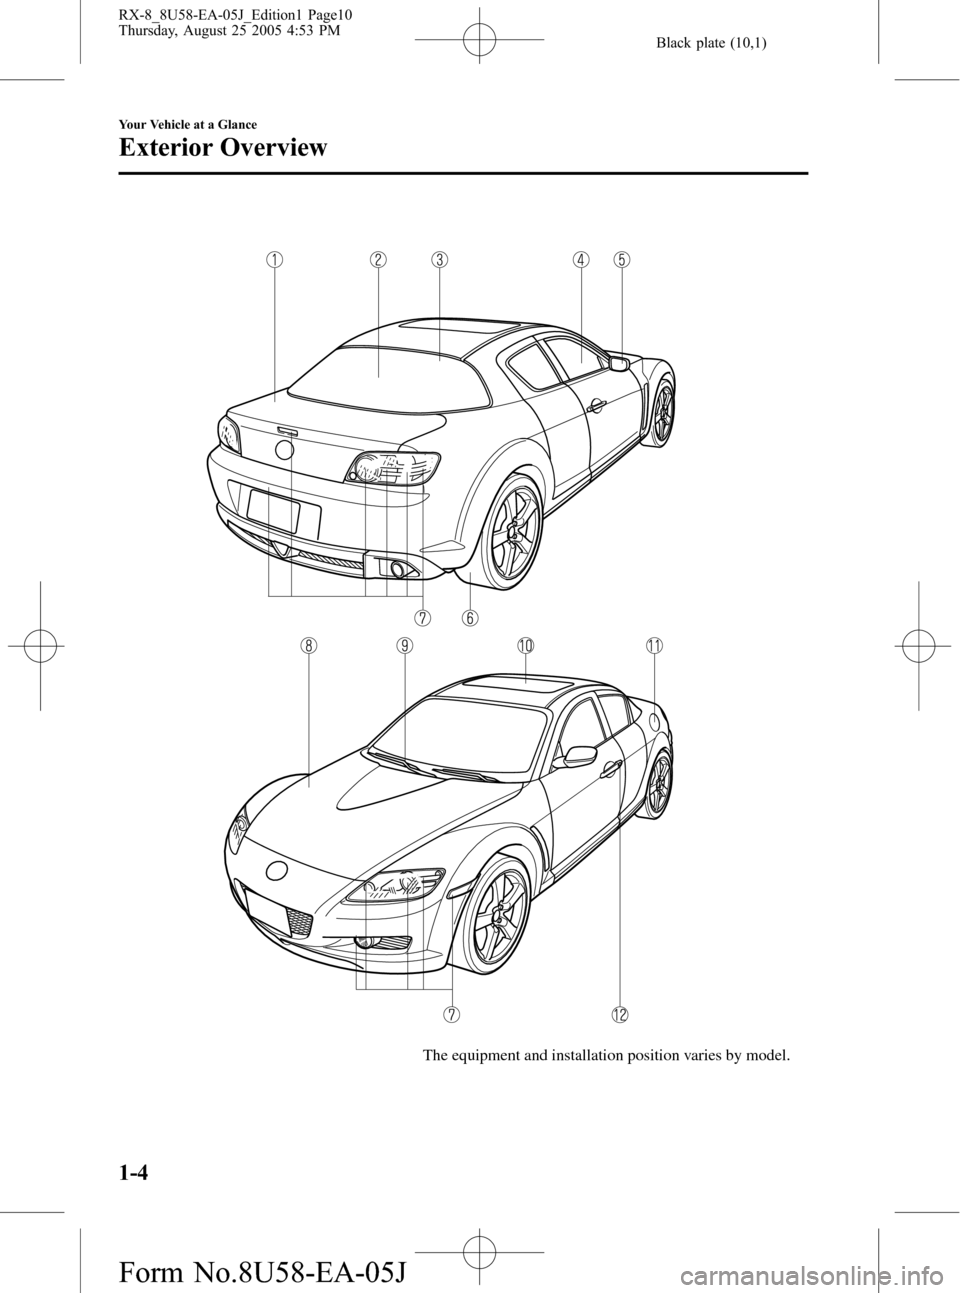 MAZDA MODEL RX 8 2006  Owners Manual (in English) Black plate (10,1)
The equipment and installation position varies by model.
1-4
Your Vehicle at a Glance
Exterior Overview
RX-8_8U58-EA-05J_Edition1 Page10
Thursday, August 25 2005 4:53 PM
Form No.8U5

#### Problem description:
Images are to be omitted; repeat the remaining data above exactly.

#### Output for this exercise:
 MAZDA MODEL RX 8 2006  Owners Manual (in English) Black plate (10,1)
The equipment and installation position varies by model.
1-4
Your Vehicle at a Glance
Exterior Overview
RX-8_8U58-EA-05J_Edition1 Page10
Thursday, August 25 2005 4:53 PM
Form No.8U5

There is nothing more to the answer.